Это была чистая прекрасная яшма, а на ней надпись — «Одушевленная яшма». Была еще одна надпись, на обратной стороне, но едва Чжэнь Шиинь собрался ее прочесть, как буддийский монах отнял камень, сказав:

— Мы у границы мира грез!

Он подхватил под руку своего спутника и увел под большую каменную арку с горизонтальной надписью наверху «Беспредельная страна грез» и вертикальными парными надписями[9] по обеим ее сторонам:

Когда за правду выдается ложь, —

тогда за ложь и правда выдается,

Когда ничто трактуется как нечто —

тогда и нечто — то же, что ничто!

Чжэнь Шиинь хотел последовать за монахами, но не успел сделать и шага, как грянул гром — будто рухнули горы и разверзлась земля.

Чжэнь Шиинь вскрикнул и открыл глаза. Солнце ярко пылало, легкий ветерок колыхал листья бананов. Сон Чжэнь Шиинь наполовину забыл.

Вошла нянька с Инлянь на руках. Только сейчас Чжэнь Шиинь заметил, что девочка растет и умнеет не по дням, а по часам, становясь прелестной, как яшма, которую без устали полируют. Он решил прогуляться с дочкой и взял ее на руки. Побродив по улицам и поглядев на уличную сутолоку, он уже возвращался домой, когда увидел шедших ему навстречу монахов — буддийского и даосского, которые вели между собой разговор. Буддийский — босой, голова покрыта коростой, даос — хромой, всклокоченные волосы торчат в разные стороны.

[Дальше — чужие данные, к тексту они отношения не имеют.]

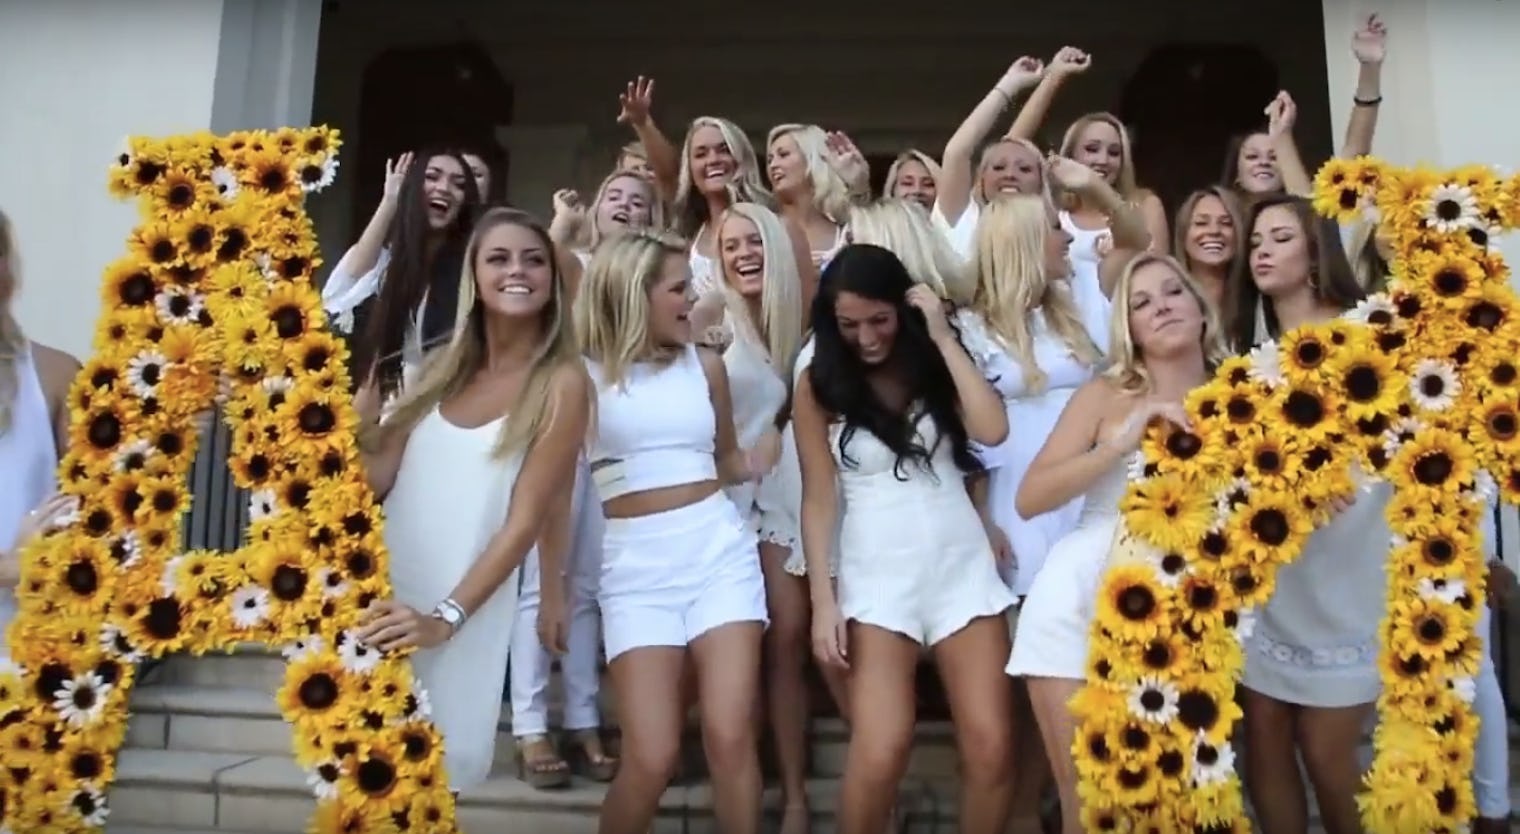 That Objectifying Alpha Phi Sorority Video Is Exactly What The University Of Alabama Is Trying

Буддийский монах поглядел на Чжэнь Шииня и запричитал:

— Благодетель, зачем ты носишь на руках это несчастное создание? Ведь оно навлечет беду на своих родителей!

Чжэнь Шиинь решил, что монах сумасшедший, и не обратил на него внимания. Но монах не унимался:

— Отдай ее мне! Отдай!

Чжэнь Шиинь покрепче прижал к себе дочь и хотел уйти. Тут вдруг монах расхохотался и, тыча в него пальцем, прочел стихи:

Любовью к девочке терзаться?

Такая глупость мне смешна.

Да может ли перечить снегу,

раскрывшись, лилии цветок?[10]

Знай: Праздник фонарей[11] пройдет,

и воцарится тишина,

И дым развеется в тот миг,

когда погаснет огонек.

Слова эти смутили душу Чжэнь Шииня, но не успел он порасспросить монаха, как в разговор вмешался даос.

— Давай пока расстанемся, — сказал он буддийскому монаху. — Пусть каждый сам себе добывает на пропитание. А через три калпы я буду ждать тебя в горах Бэйманшань. Оттуда отправимся в Беспредельную страну грез и вычеркнем запись из списков бессмертной феи Цзинхуань[12].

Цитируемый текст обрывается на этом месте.